Over the past 5 years, Amazon.
com, Inc. (AMZN) delivered a total return of +66. 3%, compared to -5. 5% for Asbury Automotive Group, Inc. (ABG). Over 10 years, the gap is even starker: AMZN returned +715. 9% versus ABG's +251. 9%. Past returns do not guarantee future results, and the stock with the higher historical return may already have its best growth priced in.
04Which is safer — ABG or AMZN?
By beta (market sensitivity over 5 years), Asbury Automotive Group, Inc.
(ABG) is the lower-risk stock at 1. 04β versus Amazon. com, Inc. 's 1. 51β — meaning AMZN is approximately 45% more volatile than ABG relative to the S&P 500. On balance sheet safety, Amazon. com, Inc. (AMZN) carries a lower debt/equity ratio of 37% versus 163% for Asbury Automotive Group, Inc. — giving it more financial flexibility in a downturn.
05Which is growing faster — ABG or AMZN?
By revenue growth (latest reported year), Amazon.
com, Inc. (AMZN) is pulling ahead at 12. 4% versus 4. 7% for Asbury Automotive Group, Inc. (ABG). On earnings-per-share growth, the picture is similar: Amazon. com, Inc. grew EPS 29. 7% year-over-year, compared to 16. 9% for Asbury Automotive Group, Inc.. Over a 3-year CAGR, AMZN leads at 11. 7% annualised revenue growth. Higher growth typically commands a higher valuation multiple — check whether the premium P/E or P/S is justified by the growth rate using the PEG ratio.
06Which has better profit margins — ABG or AMZN?
Amazon.
com, Inc. (AMZN) is the more profitable company, earning 10. 8% net margin versus 2. 7% for Asbury Automotive Group, Inc. — meaning it keeps 10. 8% of every revenue dollar as bottom-line profit. Operating margin tells a similar story: AMZN leads at 11. 2% versus 5. 6% for ABG. At the gross margin level — before operating expenses — AMZN leads at 50. 3%, reflecting greater pricing power or product mix advantage. Stronger margins indicate durable pricing power, lower cost of revenue, or higher mix of software/services. They are one of the clearest signs of business quality.
07Is ABG or AMZN more undervalued right now?
The PEG ratio (forward P/E divided by expected earnings growth rate) is the most precise measure of undervaluation relative to growth potential.
By this metric, Asbury Automotive Group, Inc. (ABG) is the more undervalued stock at a PEG of 0. 55x versus Amazon. com, Inc. 's 1. 26x. A PEG below 1. 0 is traditionally considered the threshold for growth-adjusted undervaluation. On forward earnings alone, Asbury Automotive Group, Inc. (ABG) trades at 7. 6x forward P/E versus 35. 3x for Amazon. com, Inc. — 27. 7x cheaper on a one-year earnings basis. Analyst consensus price targets imply the most upside for ABG: 20. 4% to $238. 00.
08Which pays a better dividend — ABG or AMZN?

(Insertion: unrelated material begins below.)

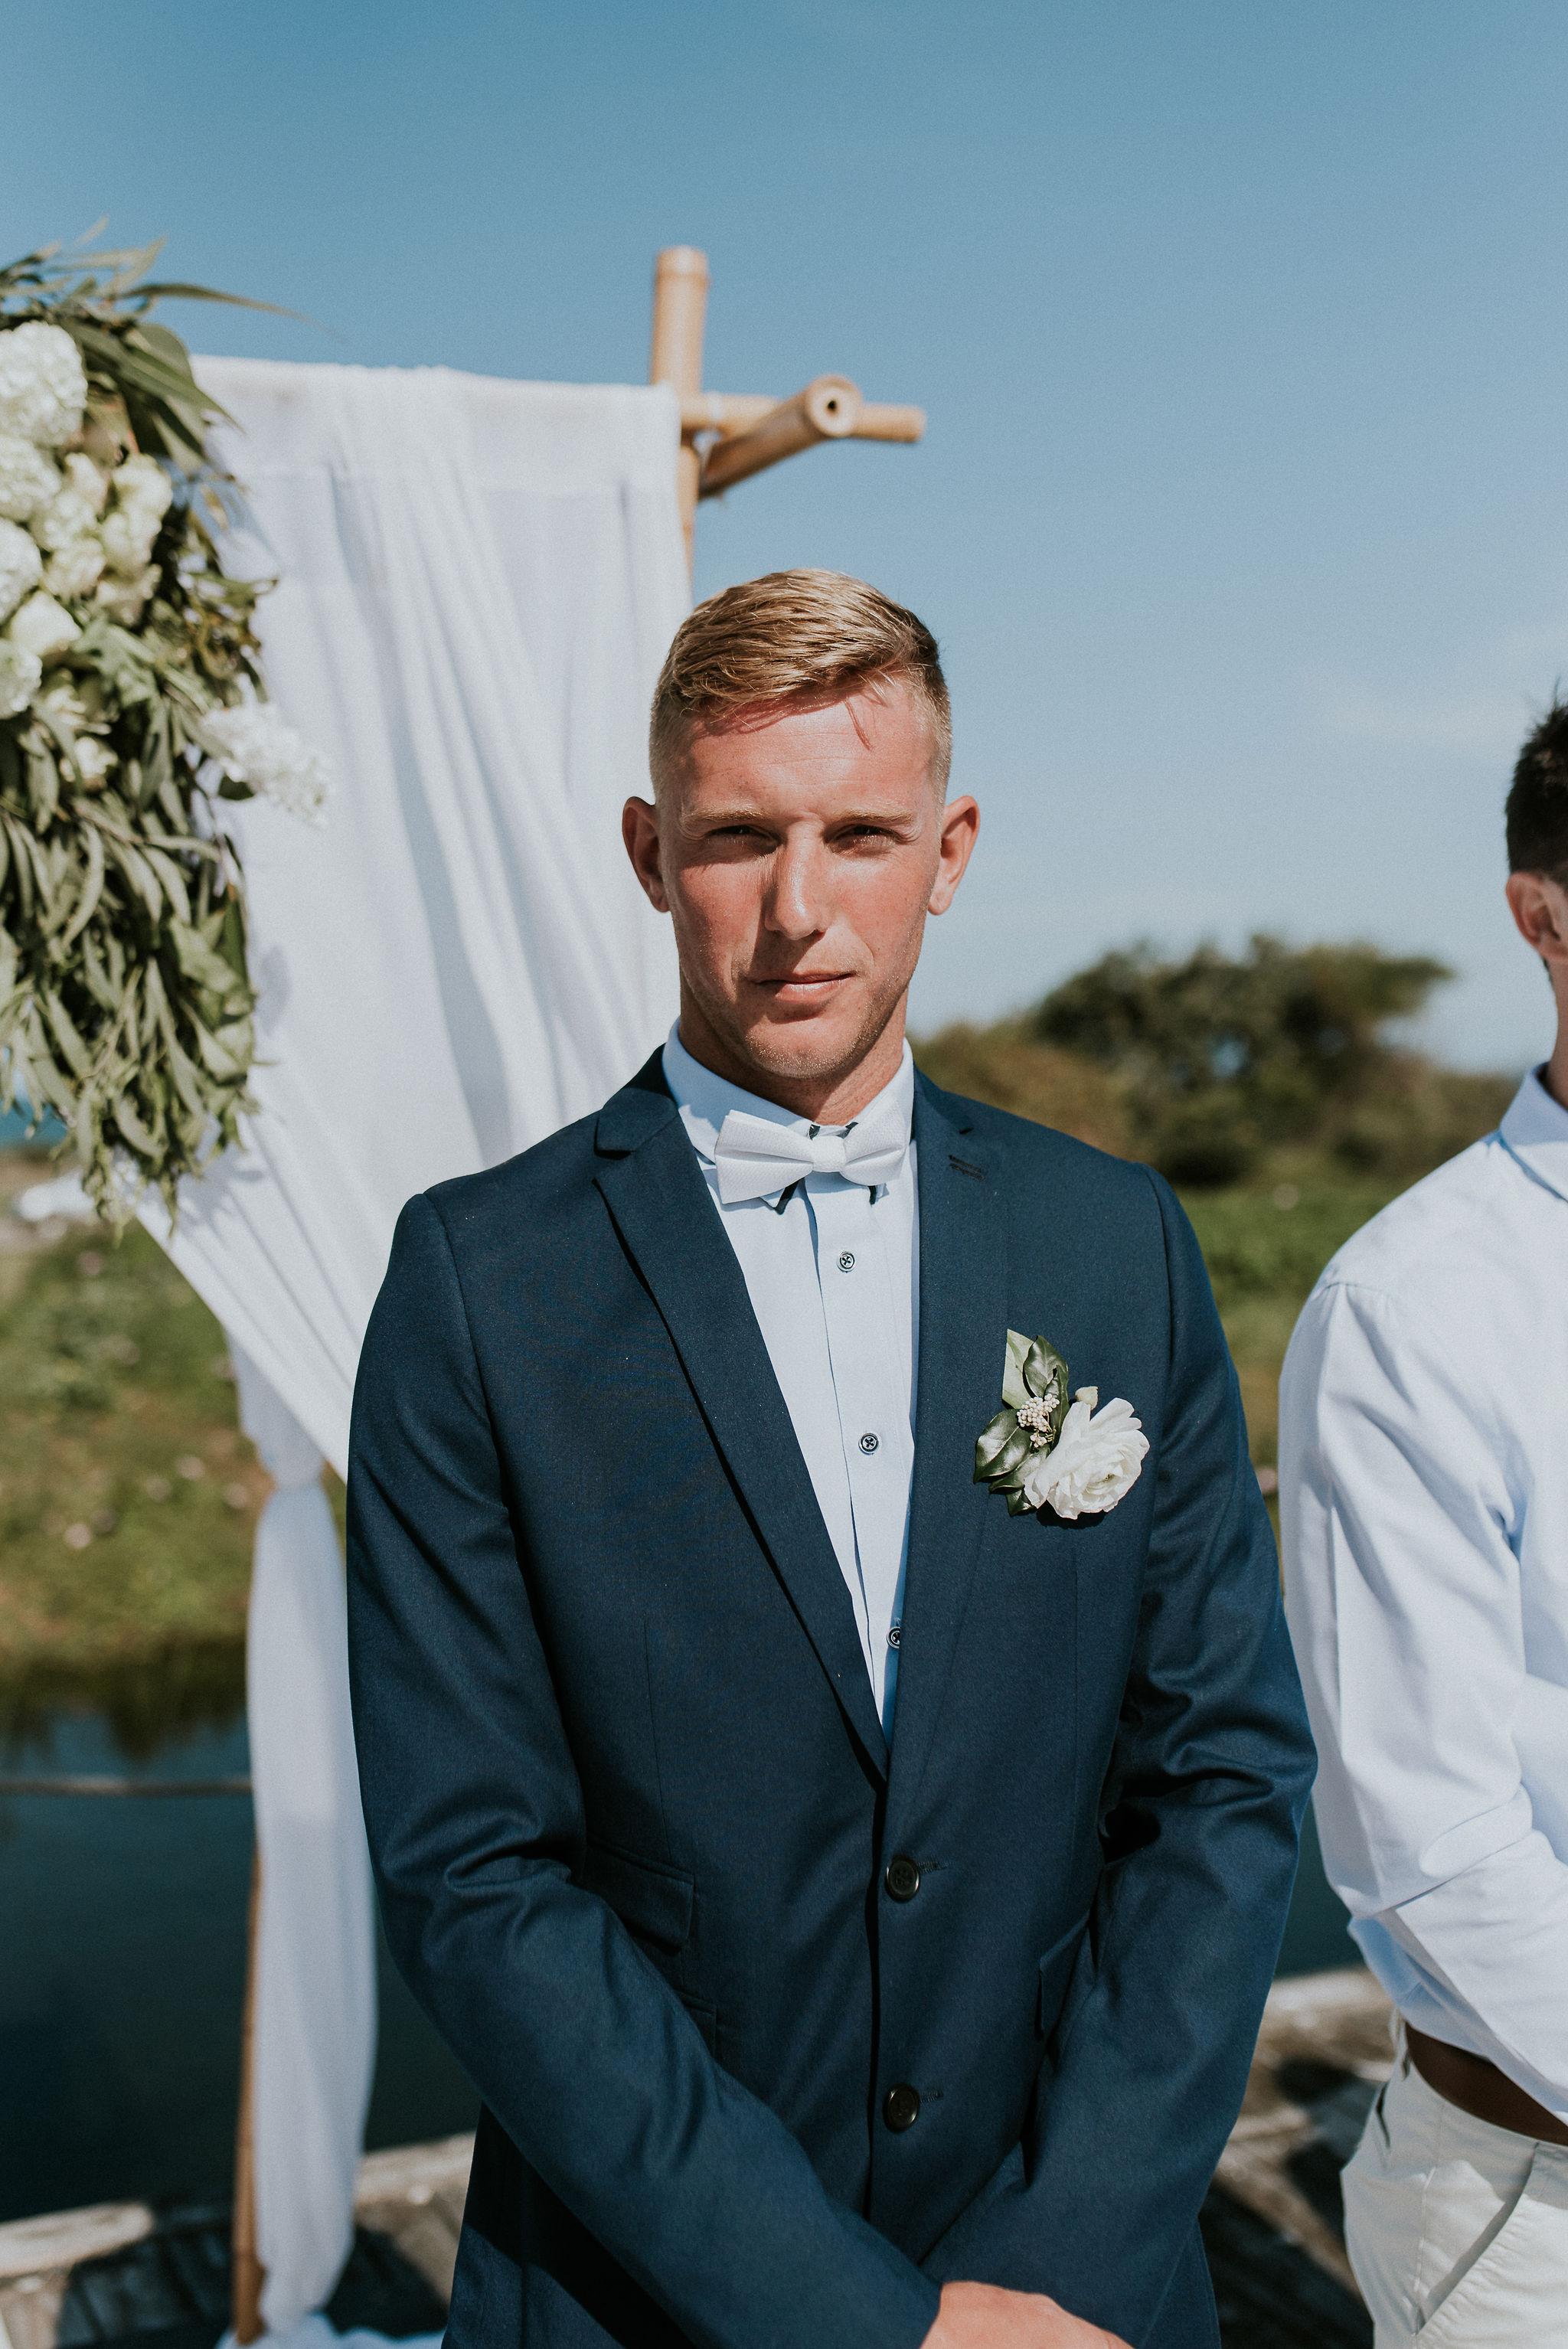 CAVES-BEACH-HOTEL-WEDDING-PATTEN-350.jpg

None of the stocks in this comparison currently pay a material dividend.
All are effectively zero-yield and should be held for capital appreciation rather than income.
09Is ABG or AMZN better for a retirement portfolio?

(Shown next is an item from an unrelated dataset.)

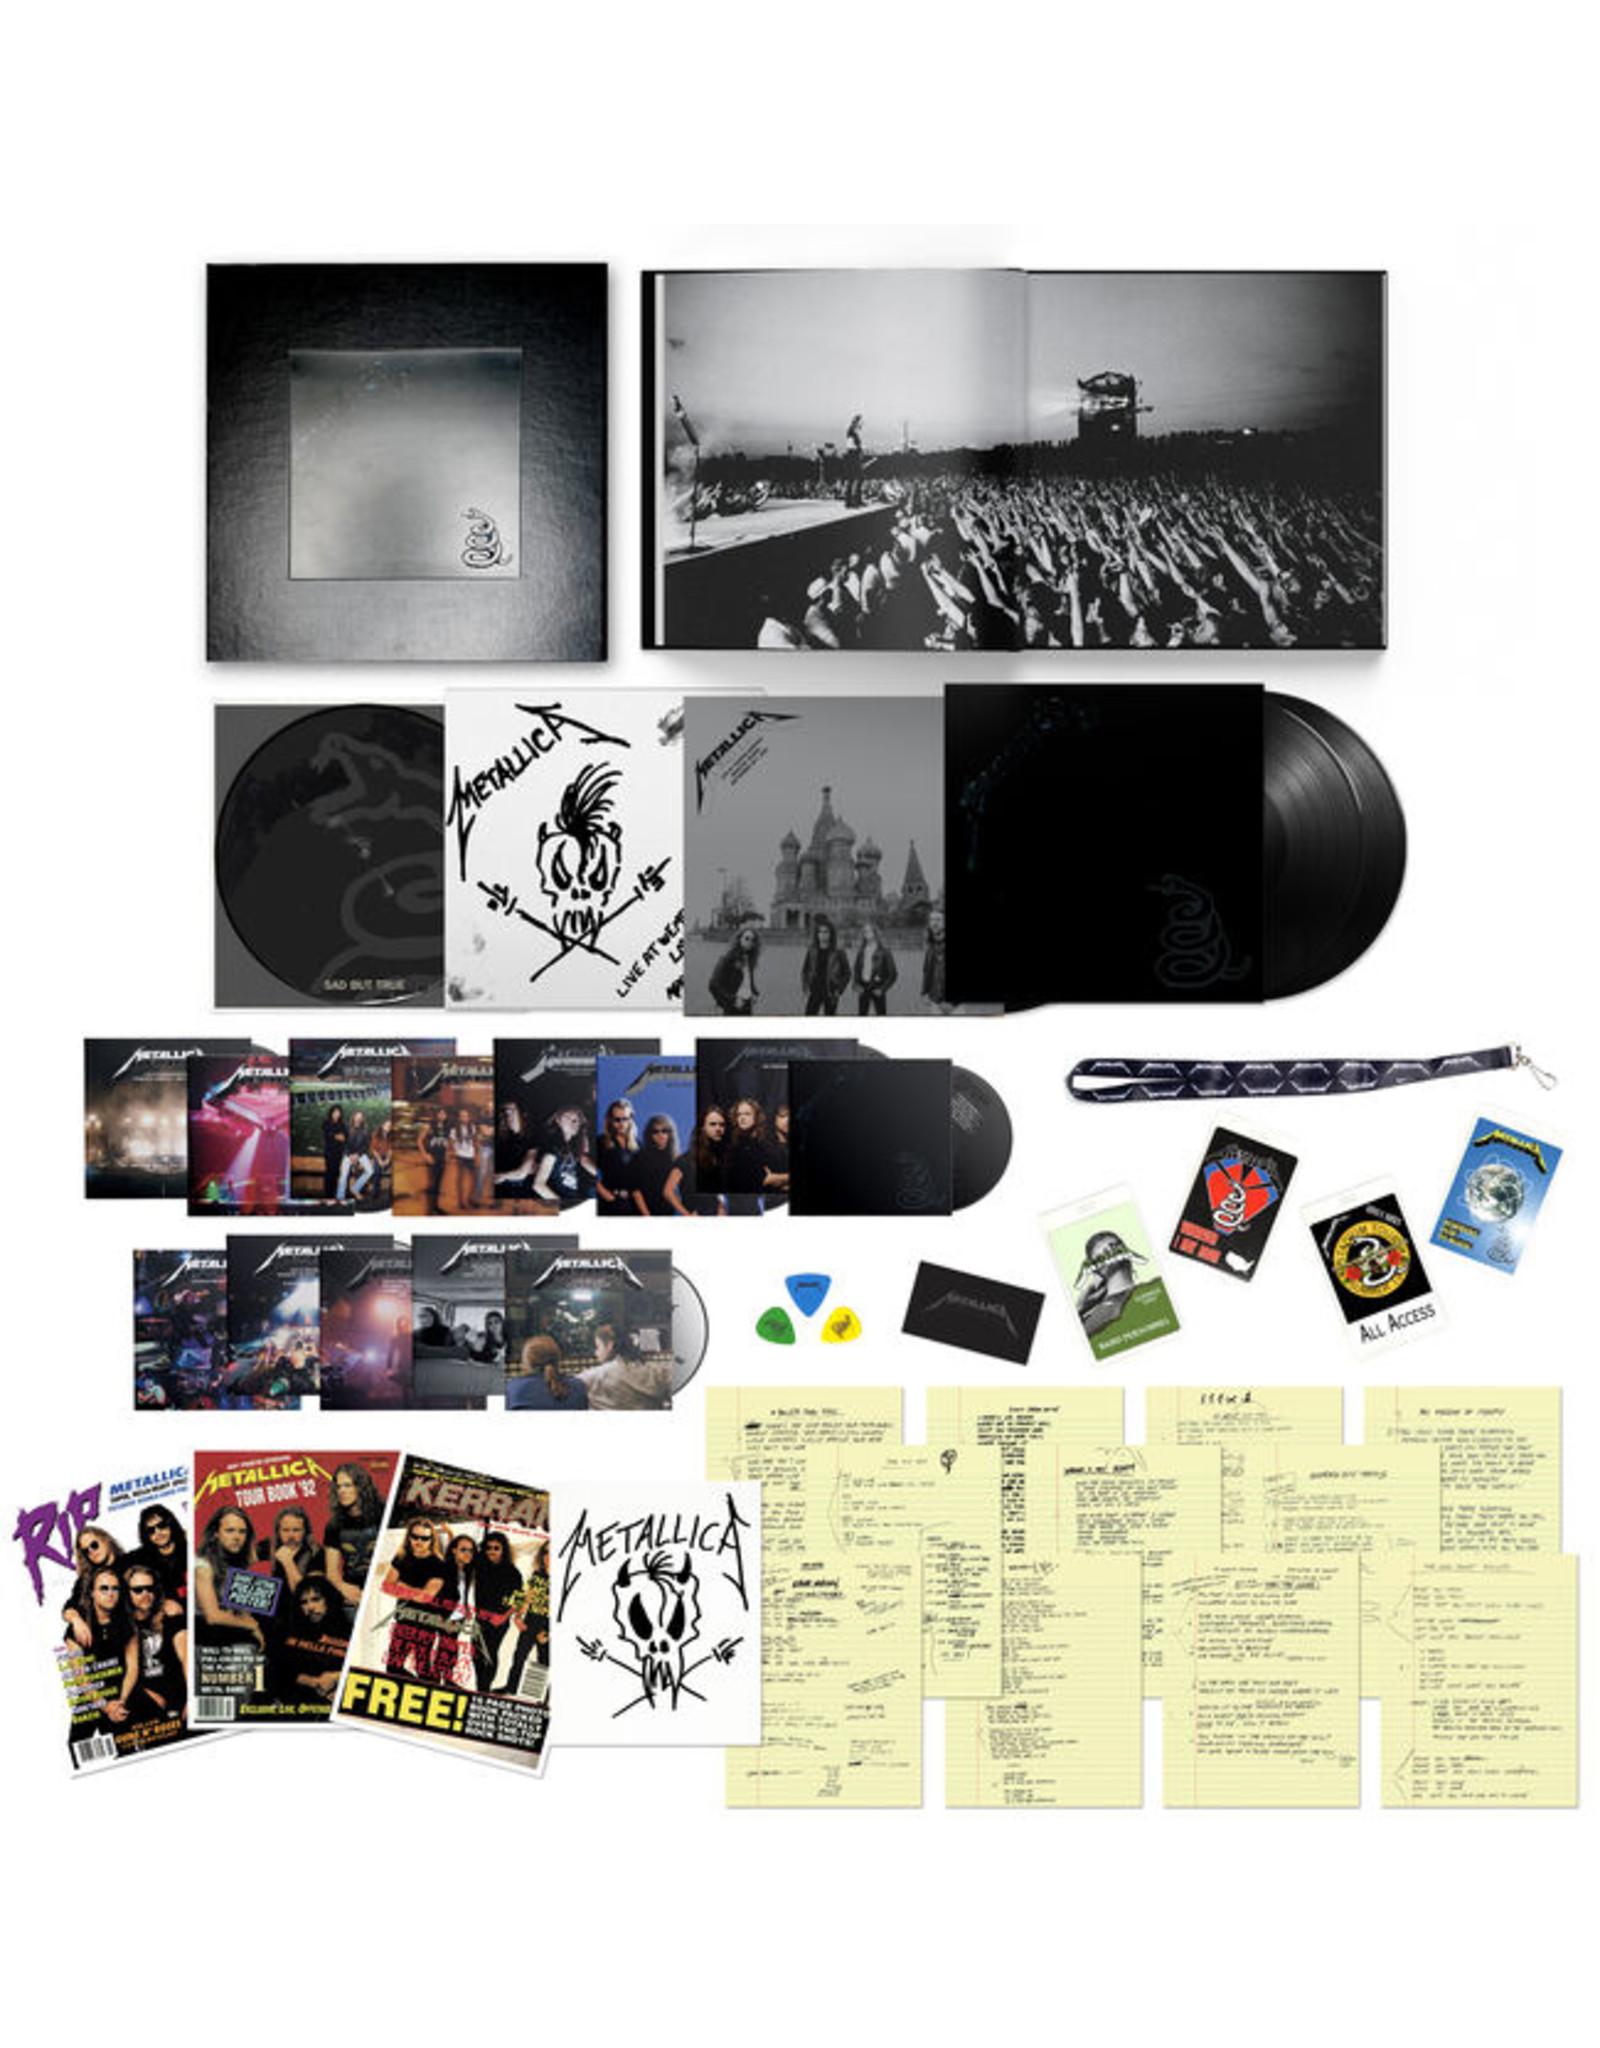 Metallica - Black Album (Remastered) (Limited Edition Deluxe Box Set)

For long-horizon retirement investors, Asbury Automotive Group, Inc.
(ABG) is the stronger choice — it scores higher on the combination of lower volatility, dividend reliability, and long-term compounding (low volatility (β 1. 04), +251. 9% 10Y return). Amazon. com, Inc. (AMZN) carries a higher beta of 1. 51 — meaning larger drawdowns in market downturns, which matters significantly when you cannot wait years for a recovery. Both have compounded well over 10 years (ABG: +251. 9%, AMZN: +715. 9%), confirming both are viable long-term holds — but the lower-volatility option typically results in less emotional selling during corrections. Retirement portfolios generally favour predictability over maximum returns. Consult a financial advisor before making allocation decisions.

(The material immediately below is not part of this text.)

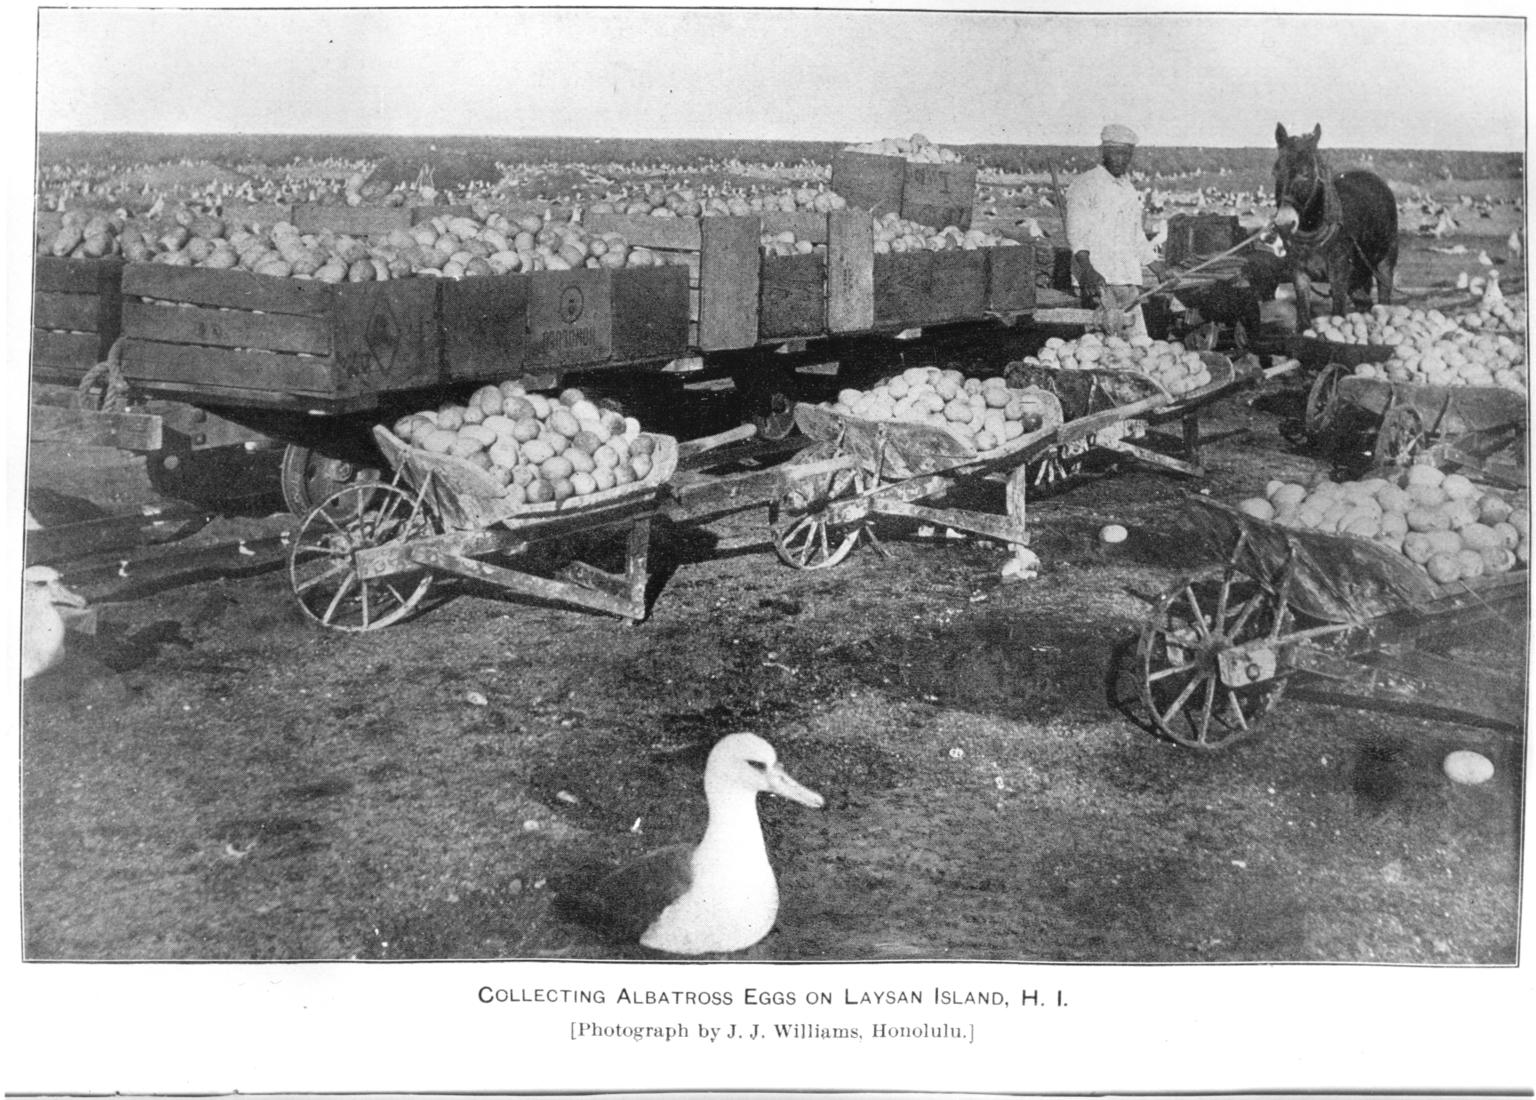 Collecting albatross eggs on Laysan Island.

10What are the main differences between ABG and AMZN?
Both stocks operate in the Consumer Cyclical sector, making this a peer-level intra-sector comparison — the same macro tailwinds and headwinds will affect both.
In terms of investment character: ABG is a small-cap deep-value stock; AMZN is a mega-cap quality compounder stock. These fundamental differences mean investors should not choose between them on a single metric — the "better stock" depends entirely on which of these characteristics aligns with your investment strategy.